* Collected data *

▼

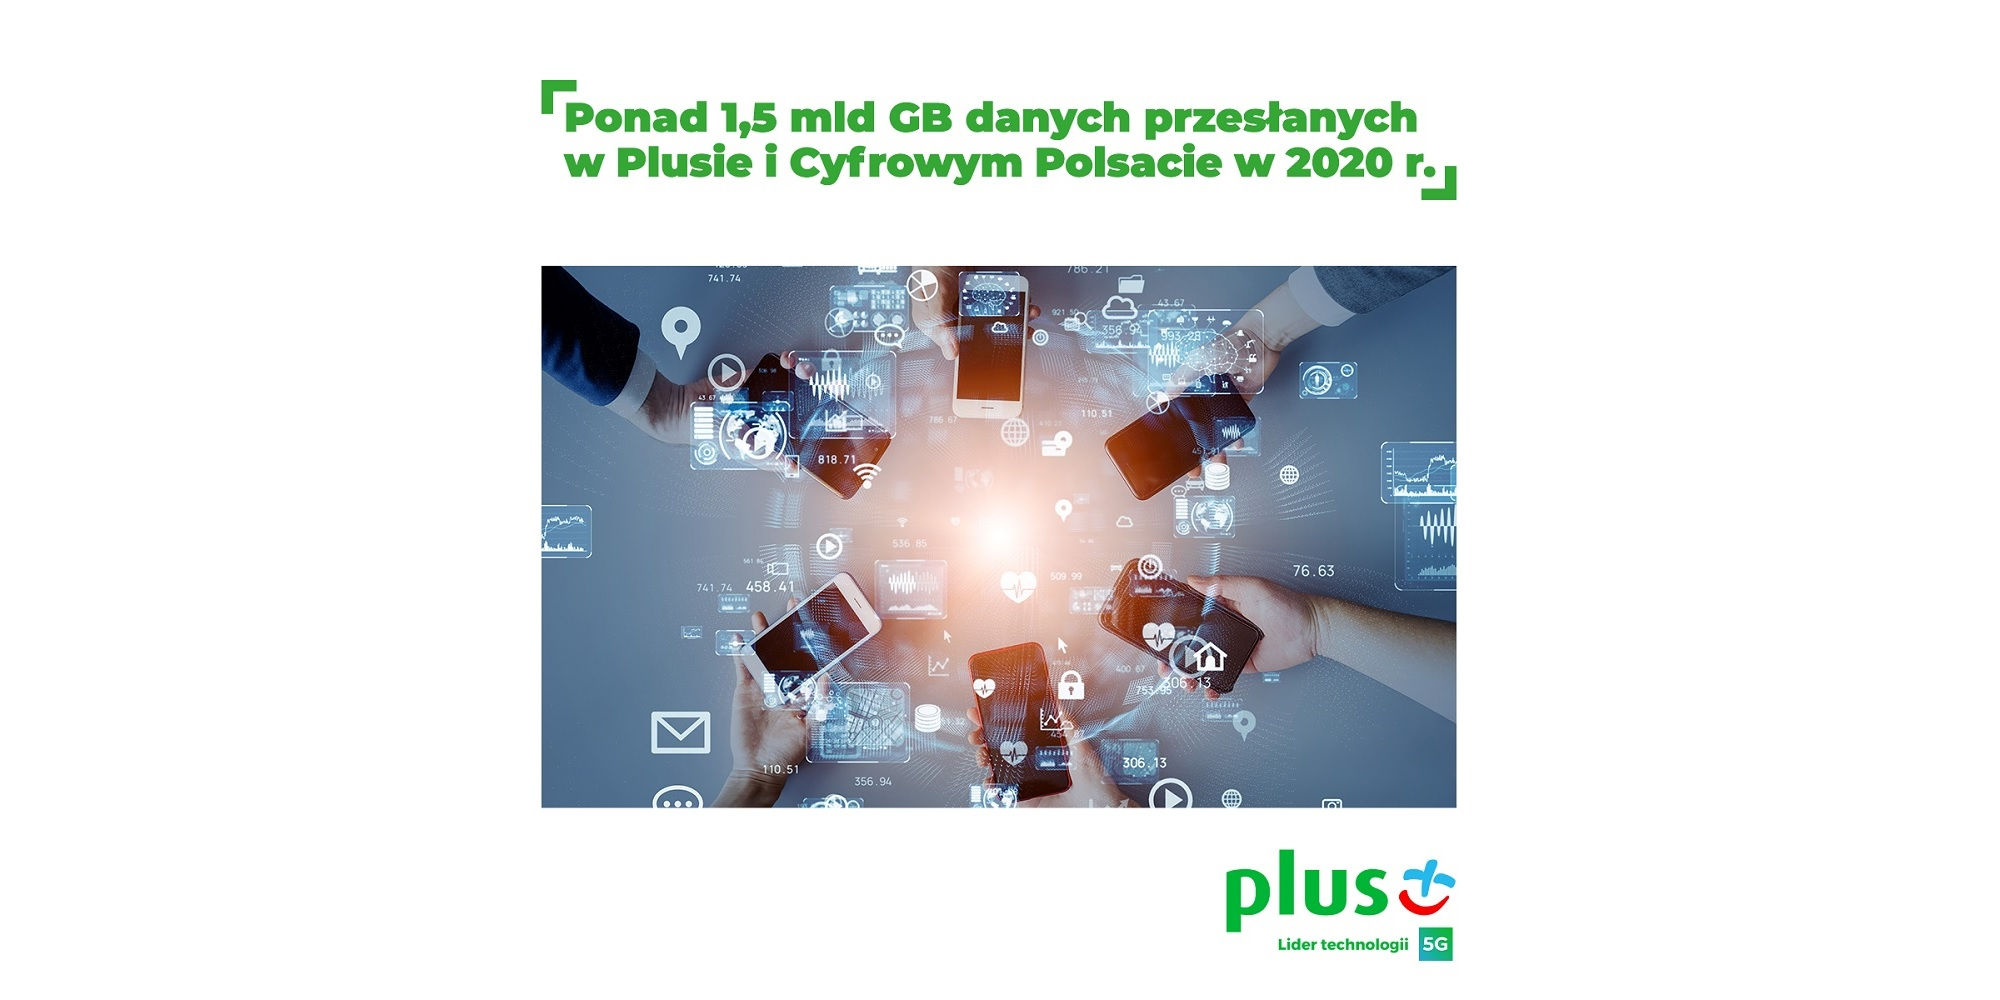 Plus Cyfrowy Polsat internet podsumowanie 2020 rok
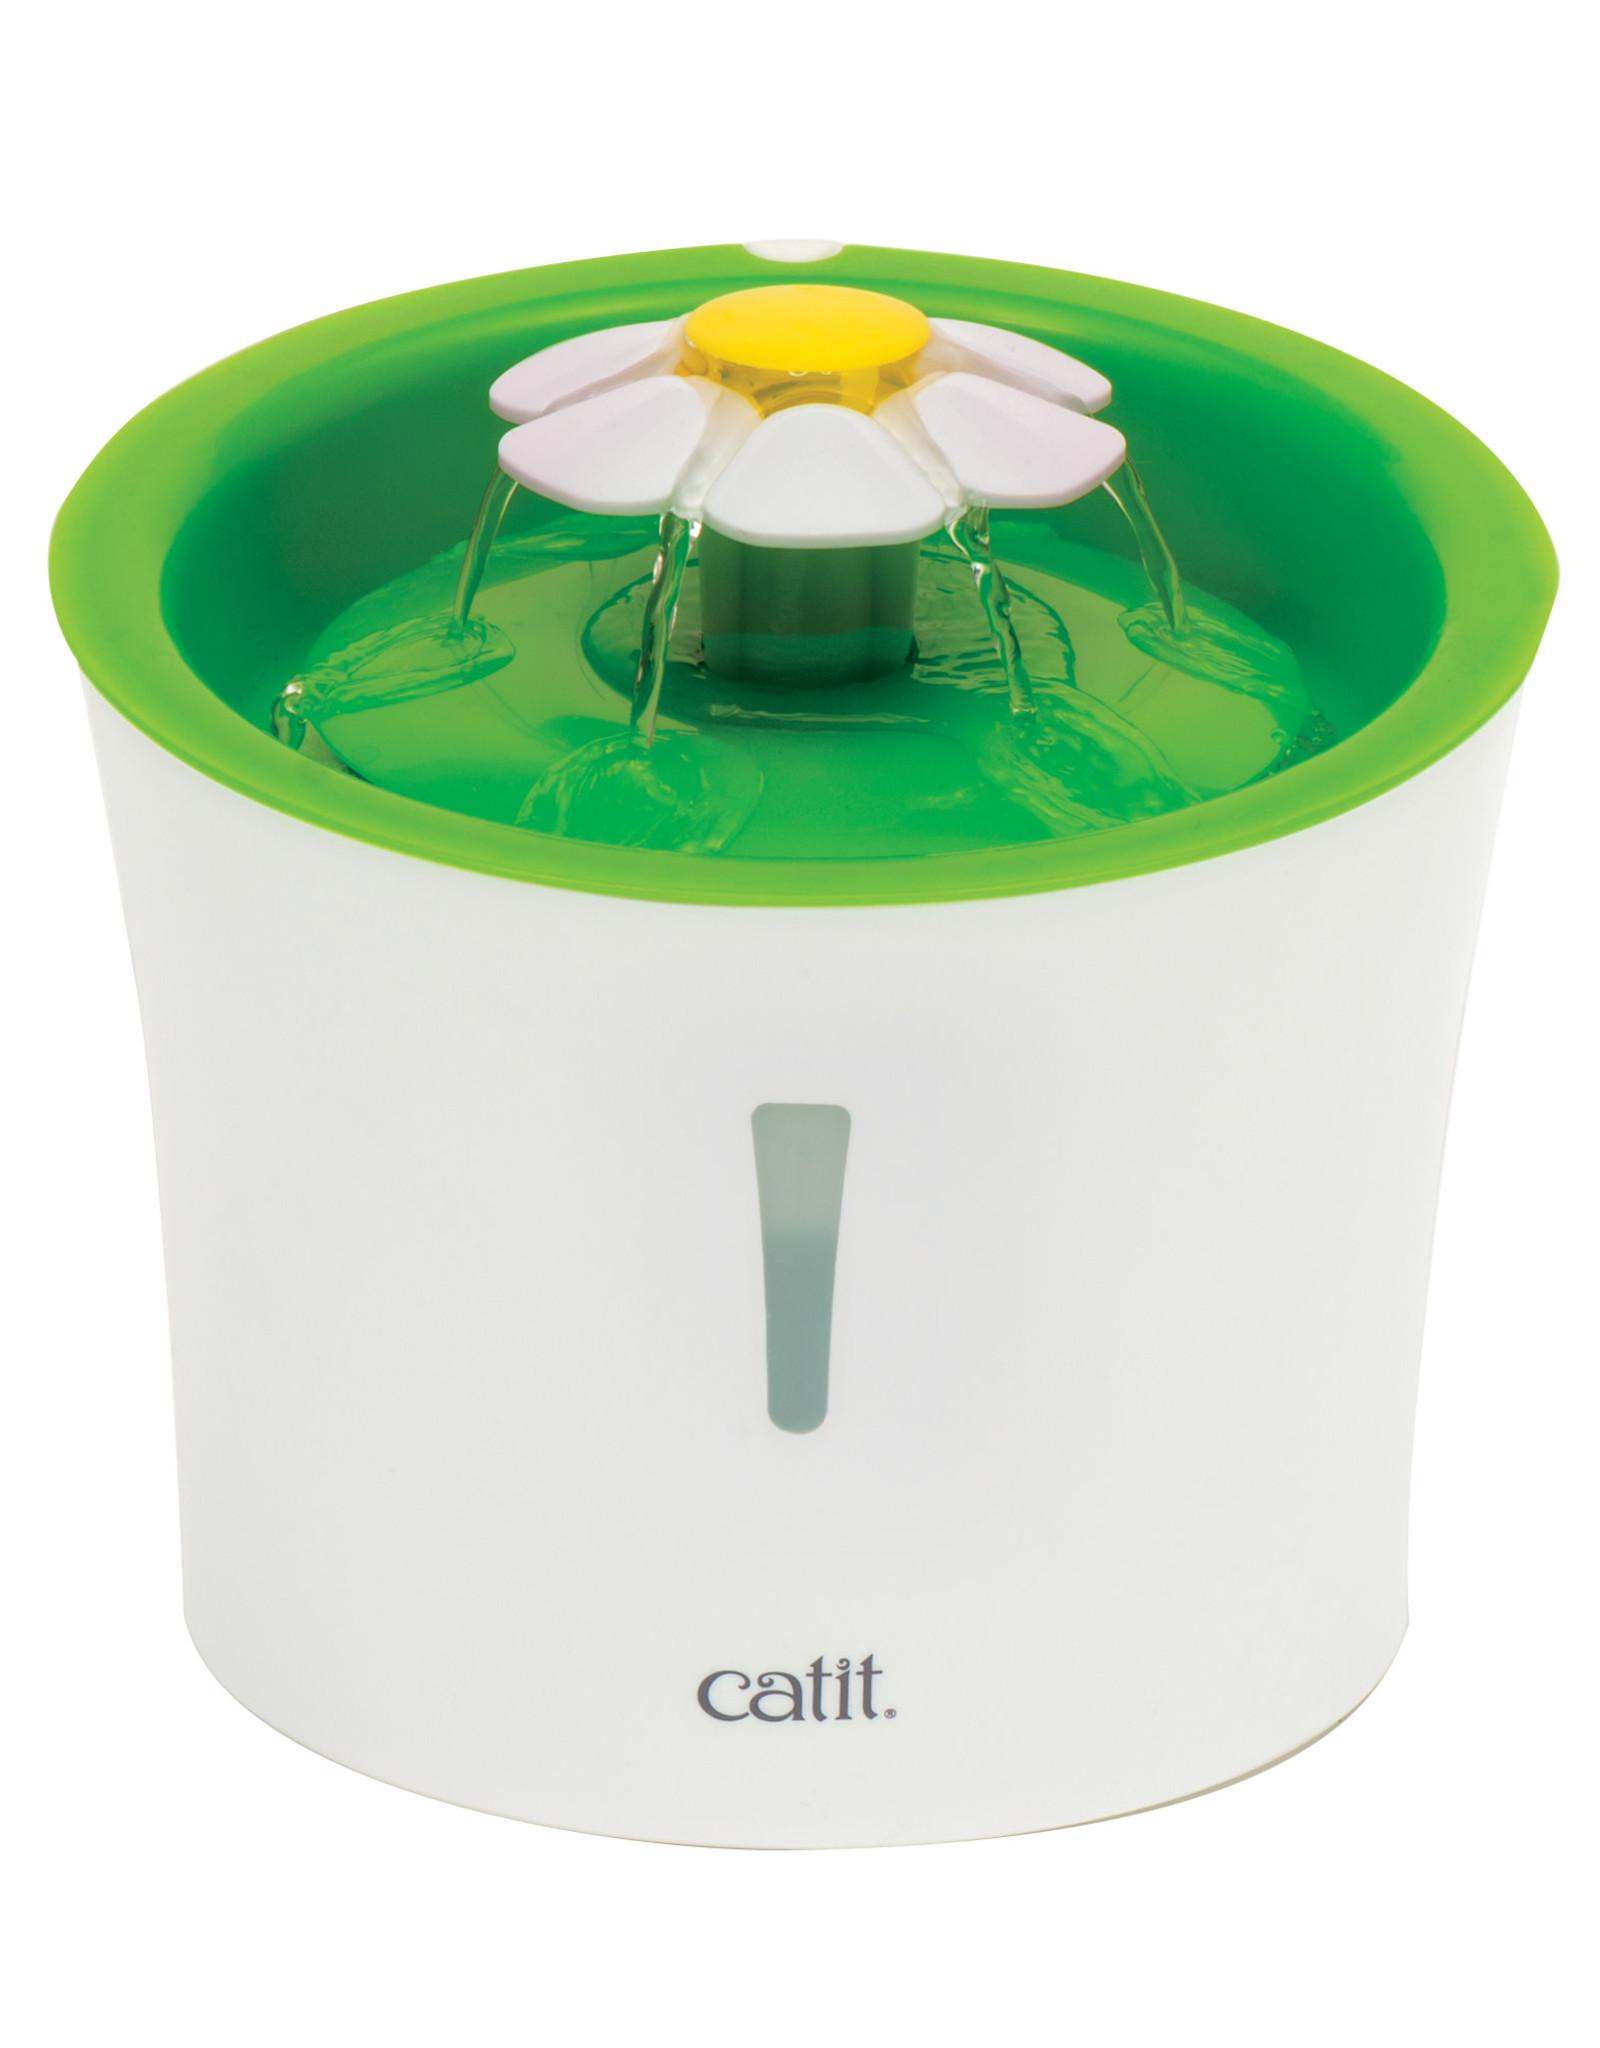 Hagen Catit  Drinking Flower Fountain 2.0
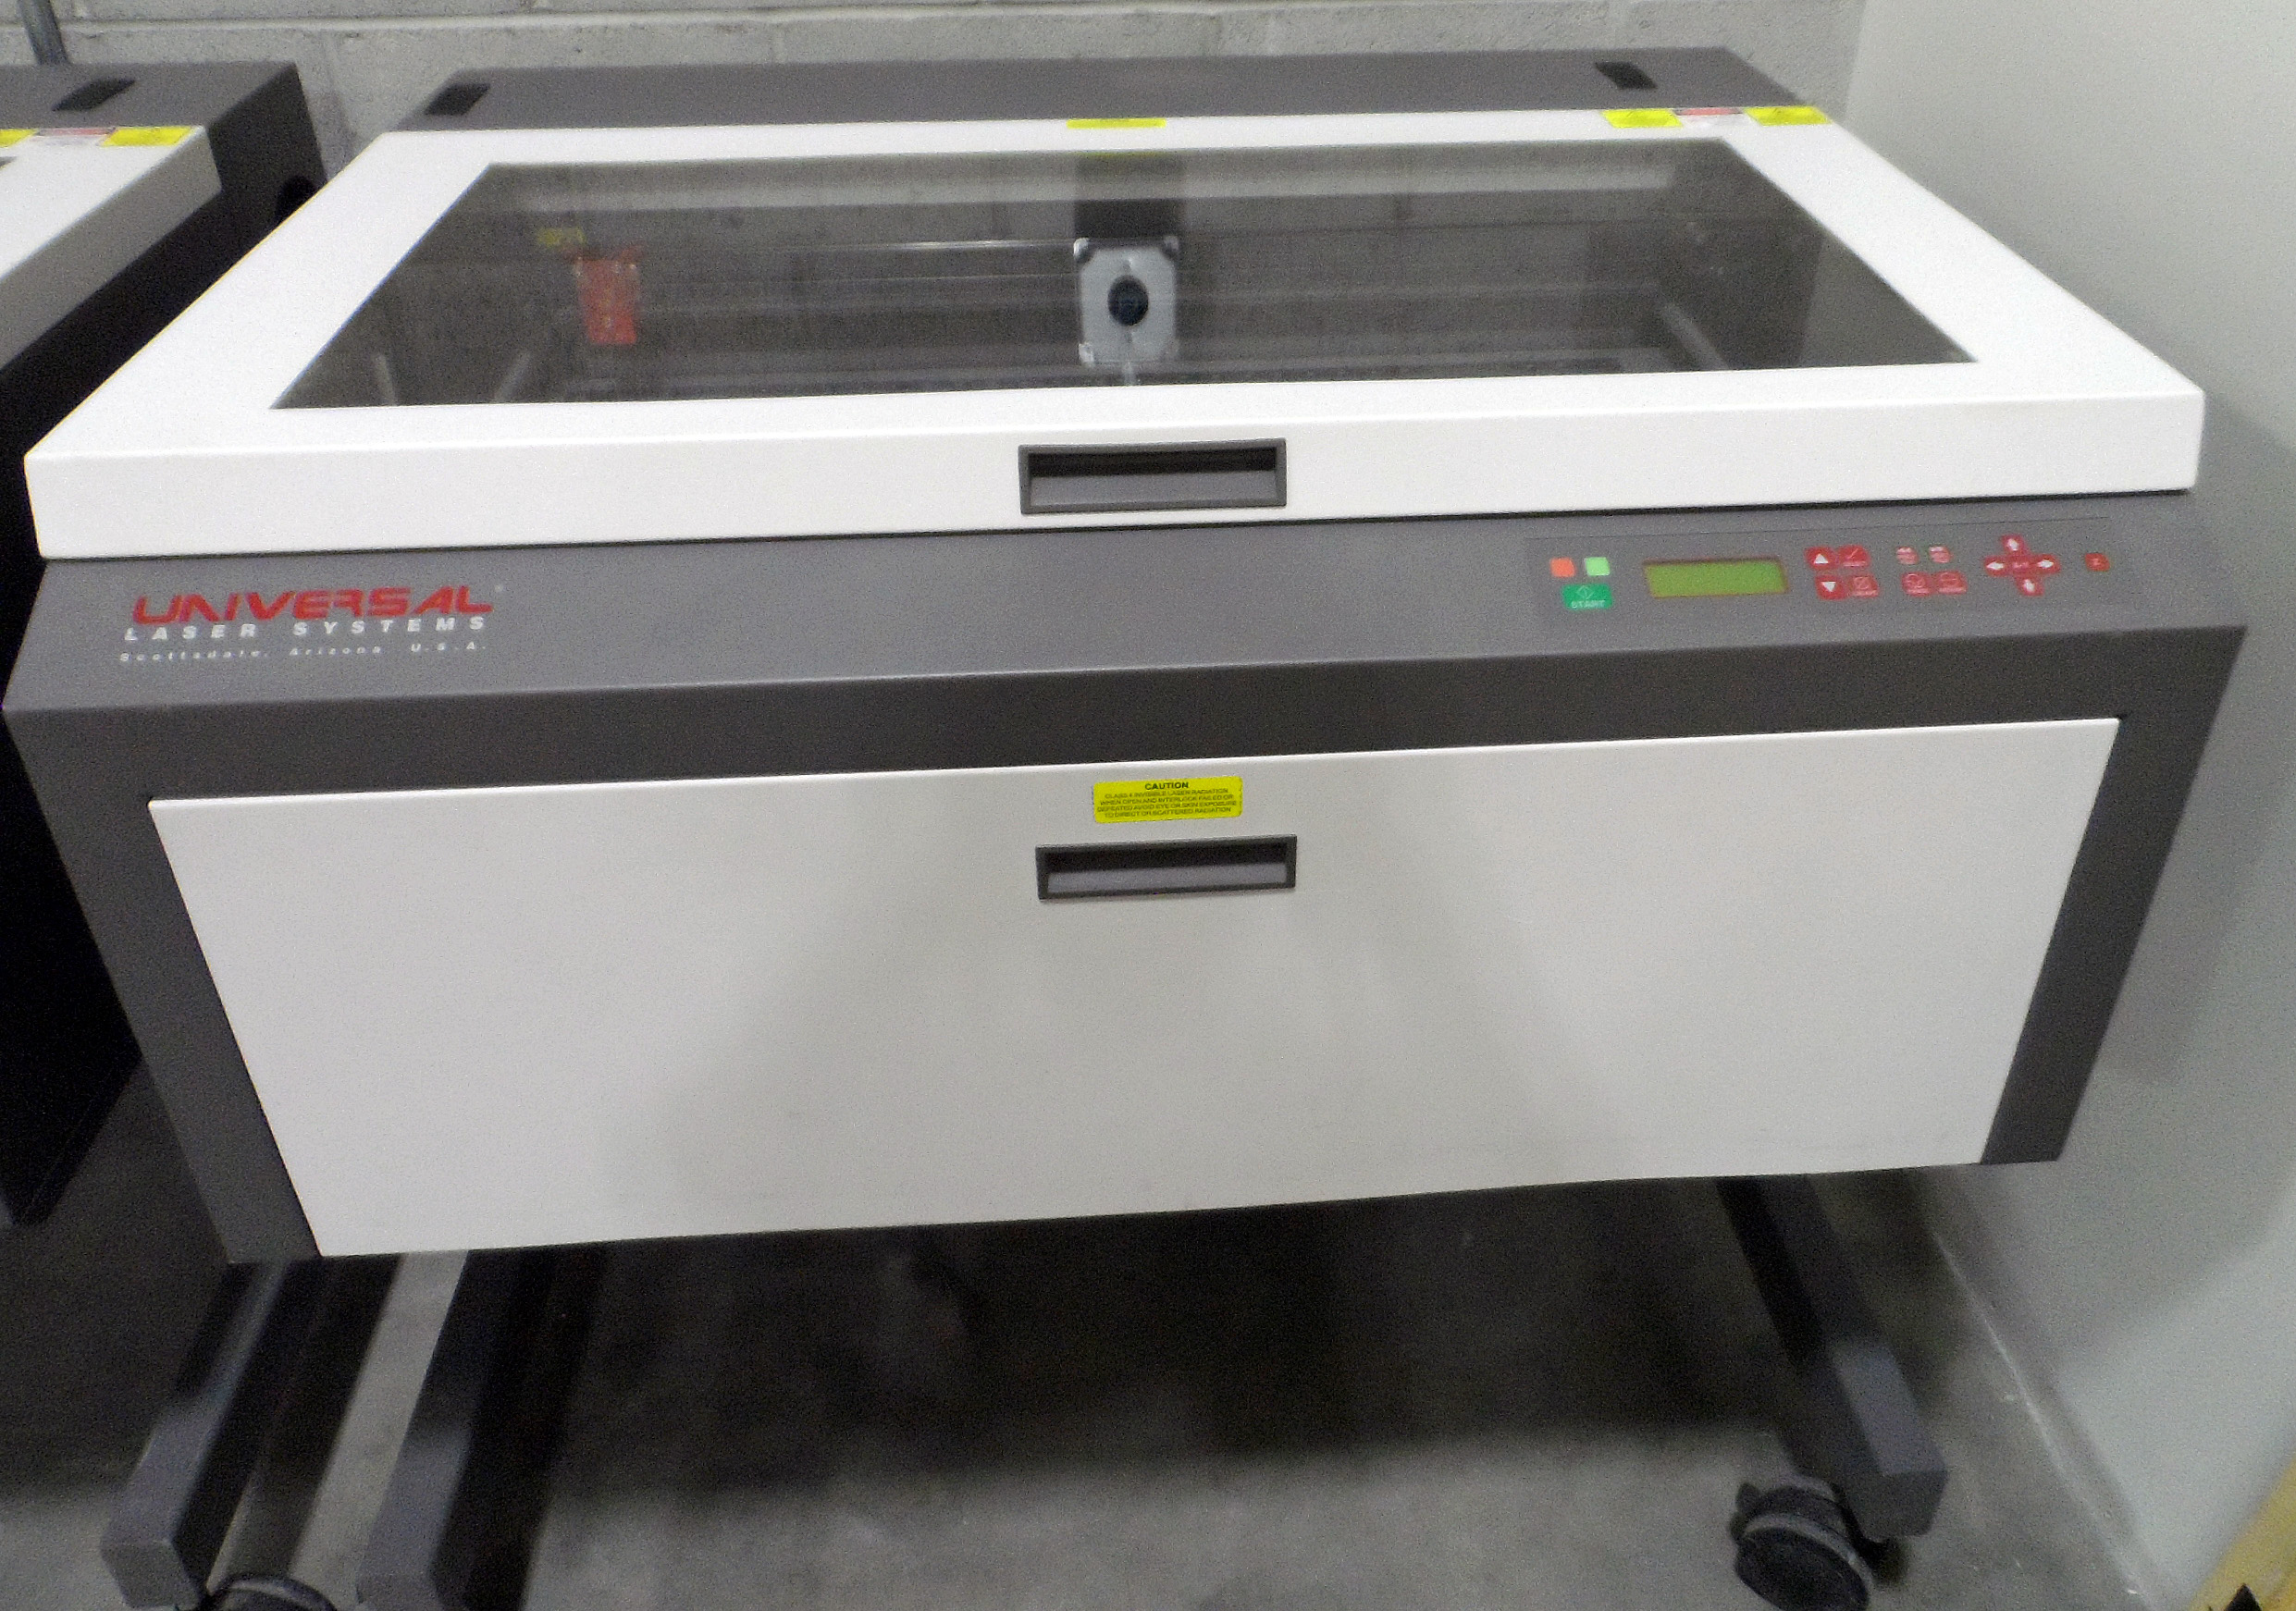 Refurbished X-660 45-watt or 25-watt

▲

* Exercise *
Type the listing above out again exactly, and omit all pictures.

* Finished task *
 Plus Cyfrowy Polsat internet podsumowanie 2020 rok
 Hagen Catit  Drinking Flower Fountain 2.0
 Refurbished X-660 45-watt or 25-watt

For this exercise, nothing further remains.